*Provided material*
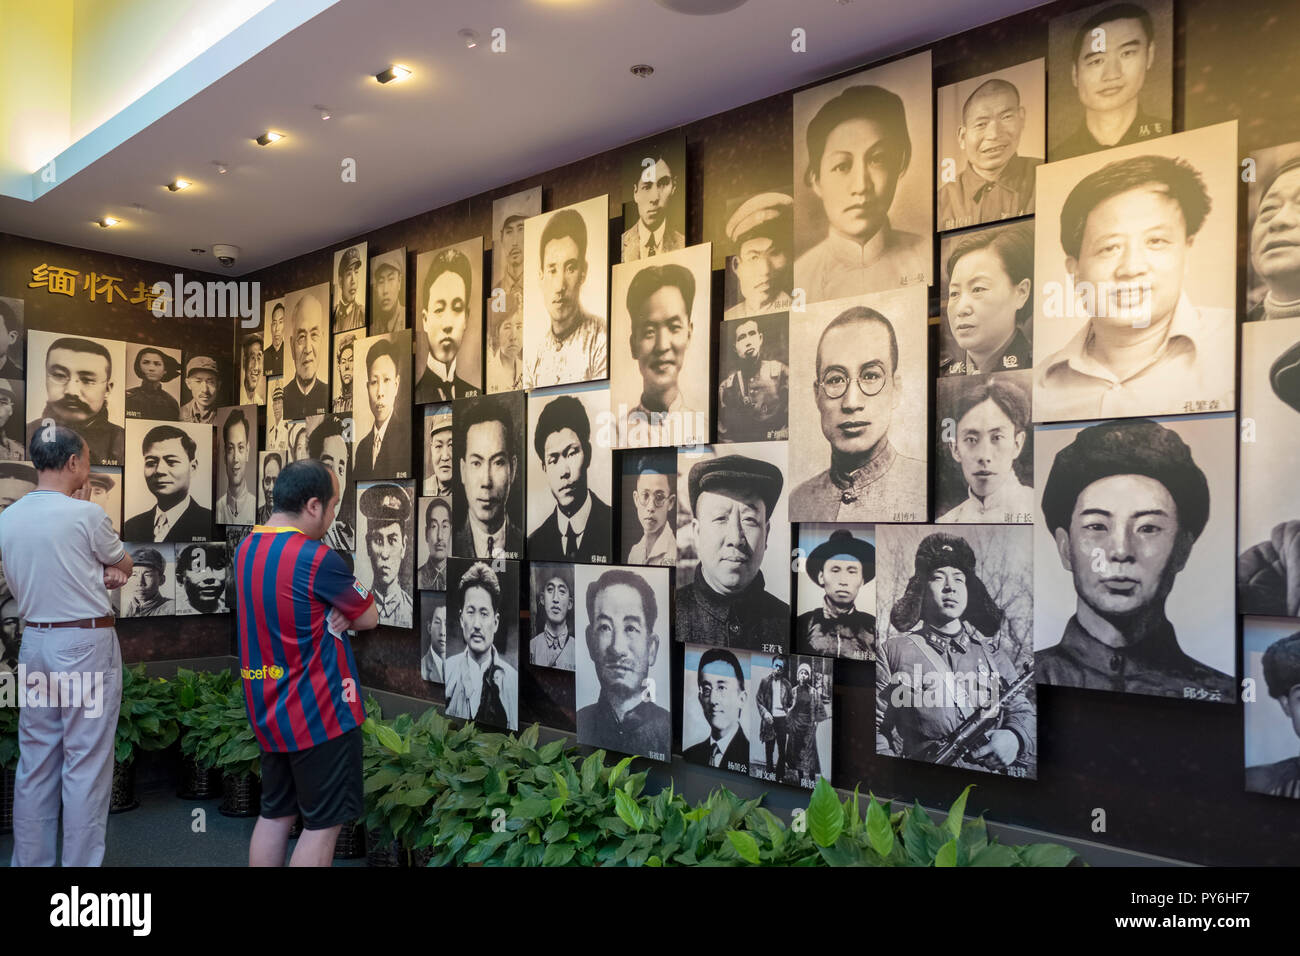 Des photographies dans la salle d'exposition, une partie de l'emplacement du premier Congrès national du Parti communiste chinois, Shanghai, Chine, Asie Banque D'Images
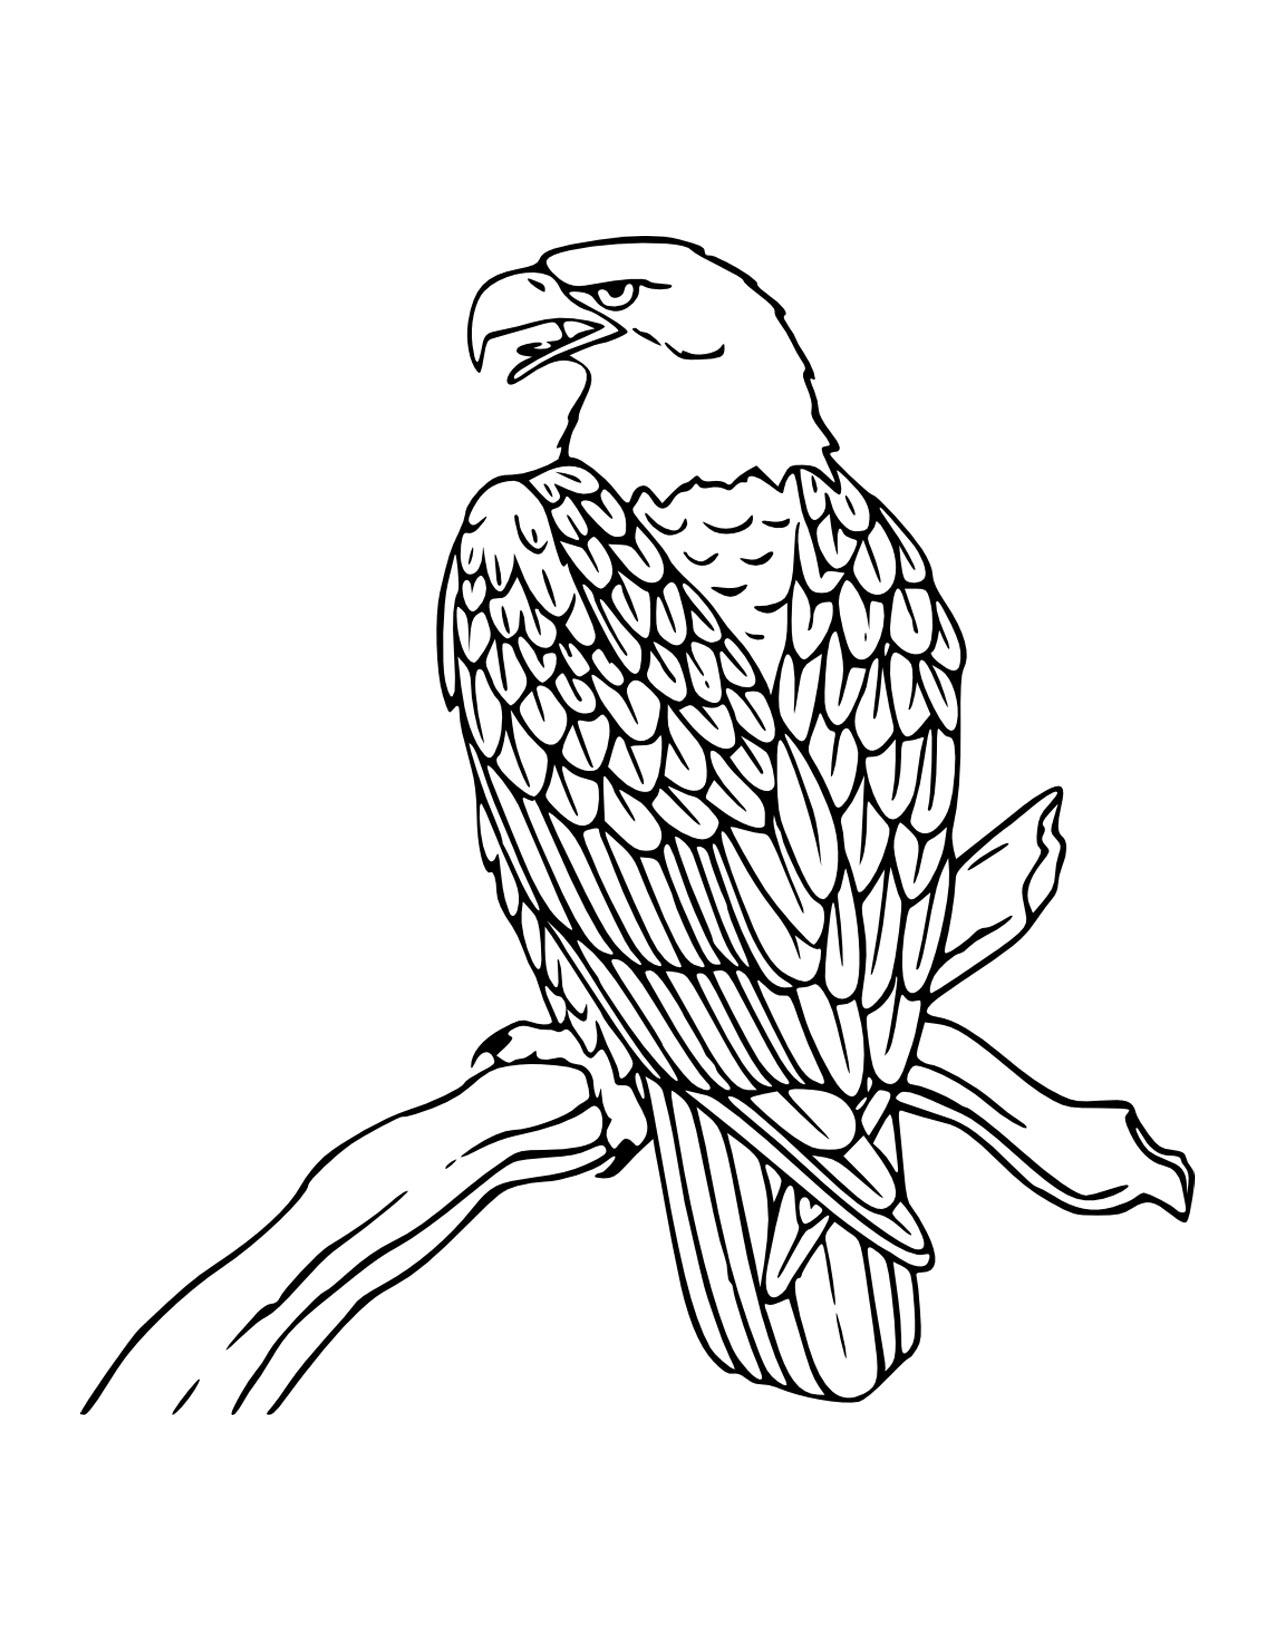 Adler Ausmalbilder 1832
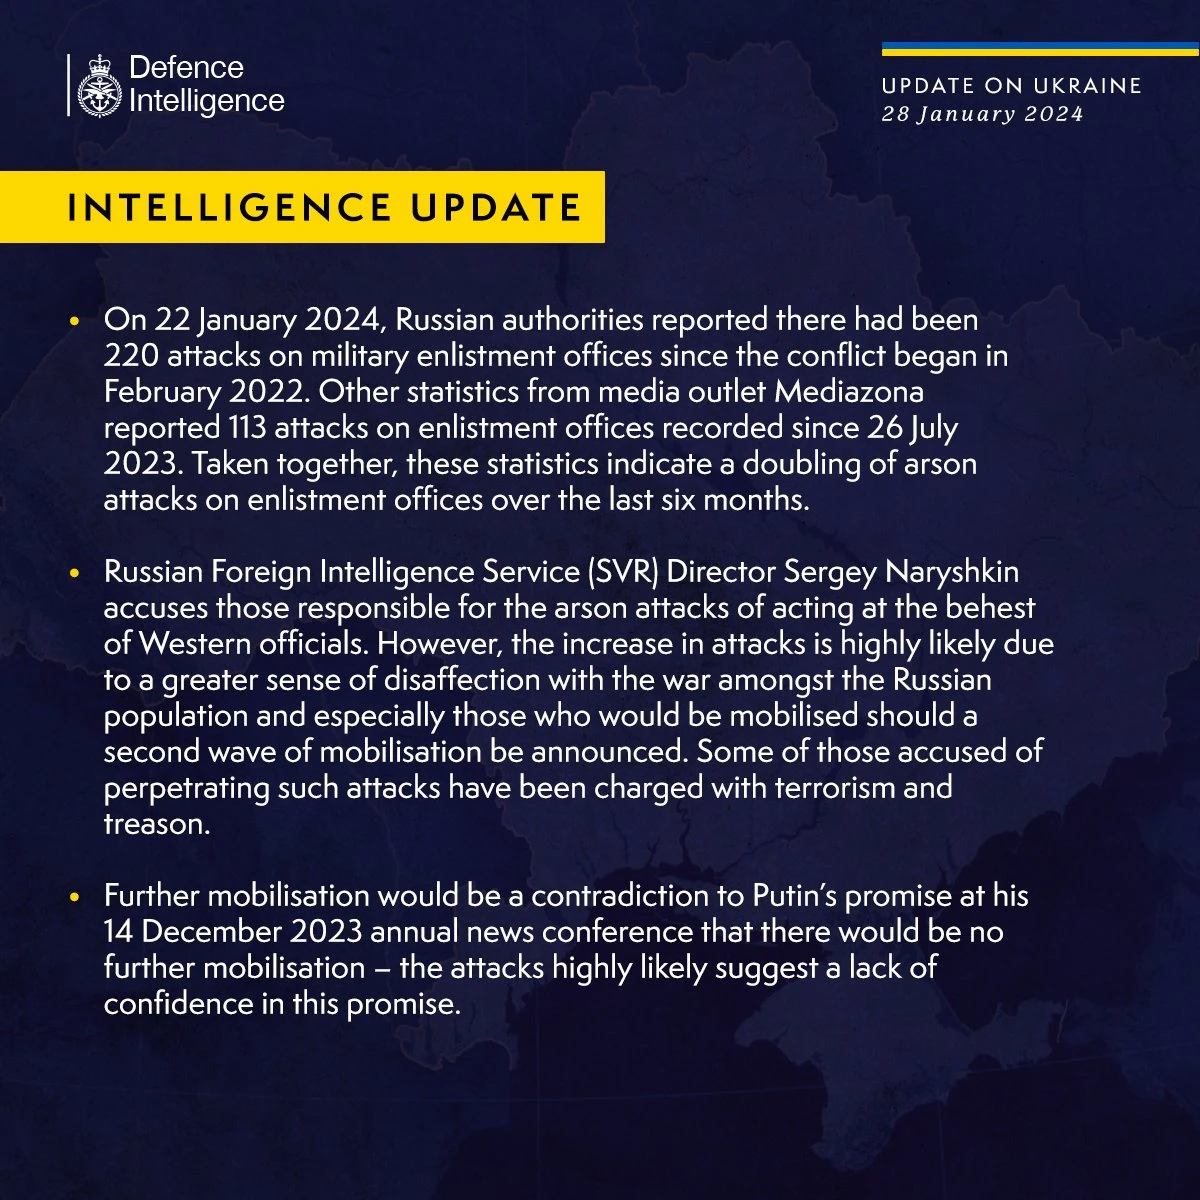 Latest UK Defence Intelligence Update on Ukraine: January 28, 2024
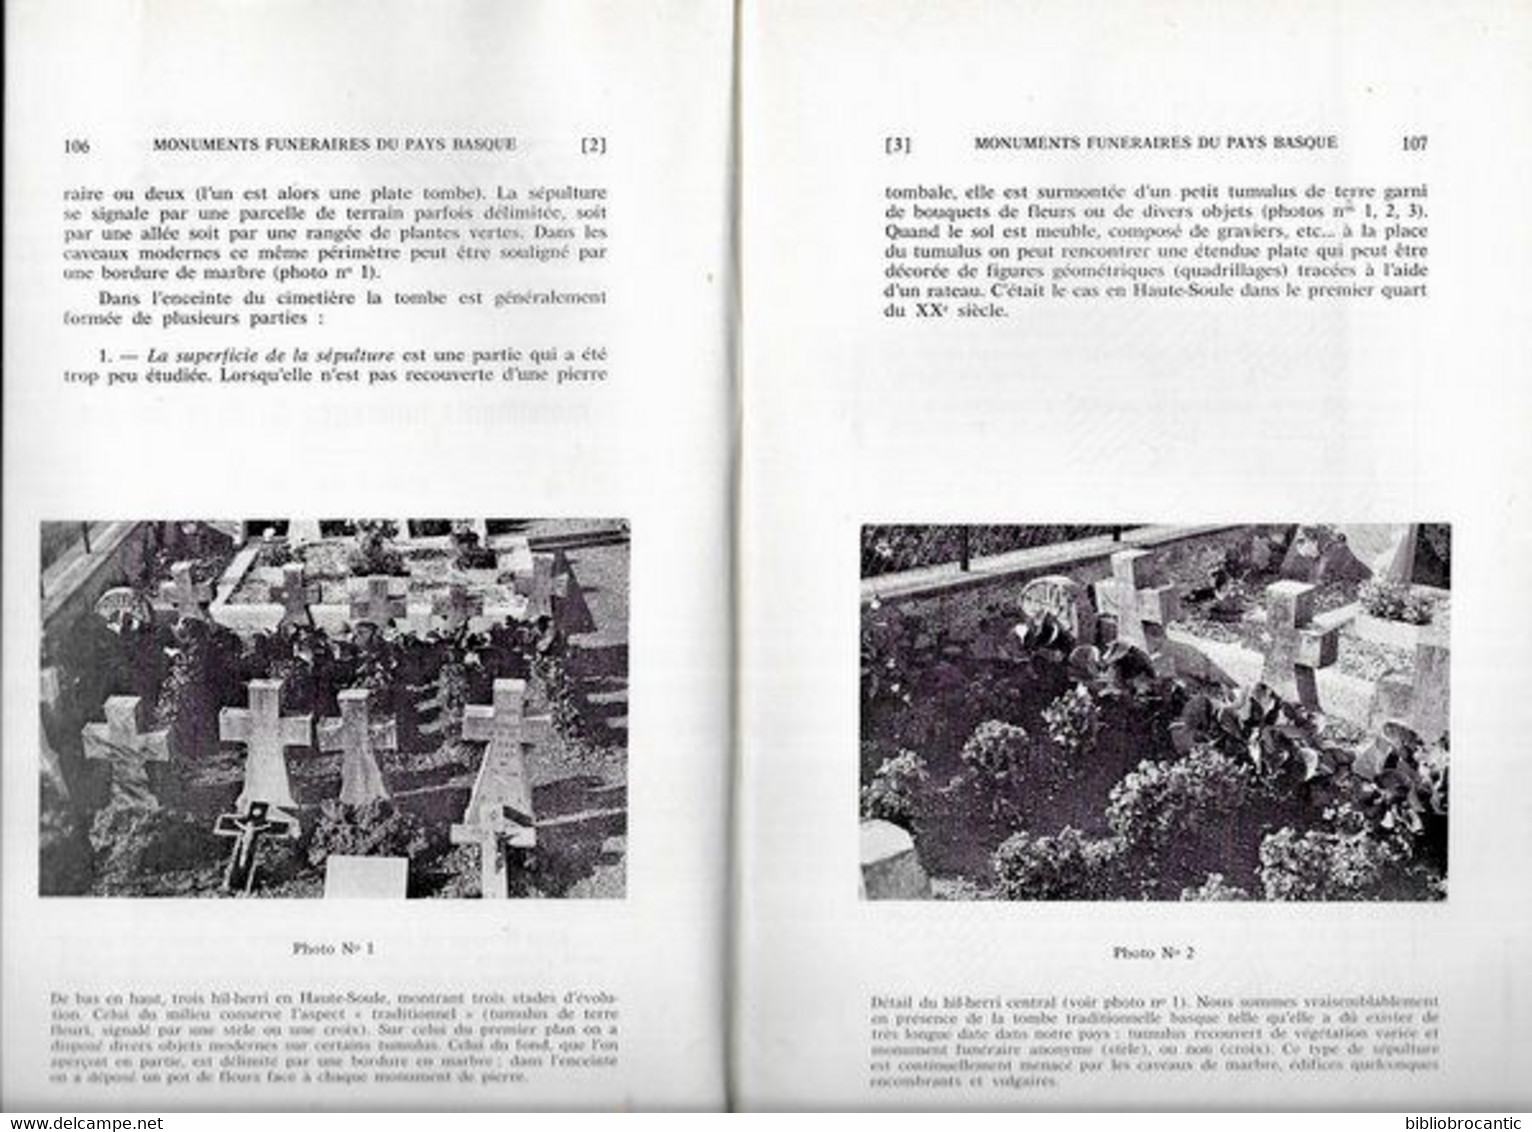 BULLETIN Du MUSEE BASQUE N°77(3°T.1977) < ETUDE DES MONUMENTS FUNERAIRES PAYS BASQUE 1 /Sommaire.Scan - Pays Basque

*Exercise details*
Pictures excluded, write out exactly and only the lines of the material from the one containing "Latest UK Defence" up to and including the last line.

*Response*
 Latest UK Defence Intelligence Update on Ukraine: January 28, 2024
 BULLETIN Du MUSEE BASQUE N°77(3°T.1977) < ETUDE DES MONUMENTS FUNERAIRES PAYS BASQUE 1 /Sommaire.Scan - Pays Basque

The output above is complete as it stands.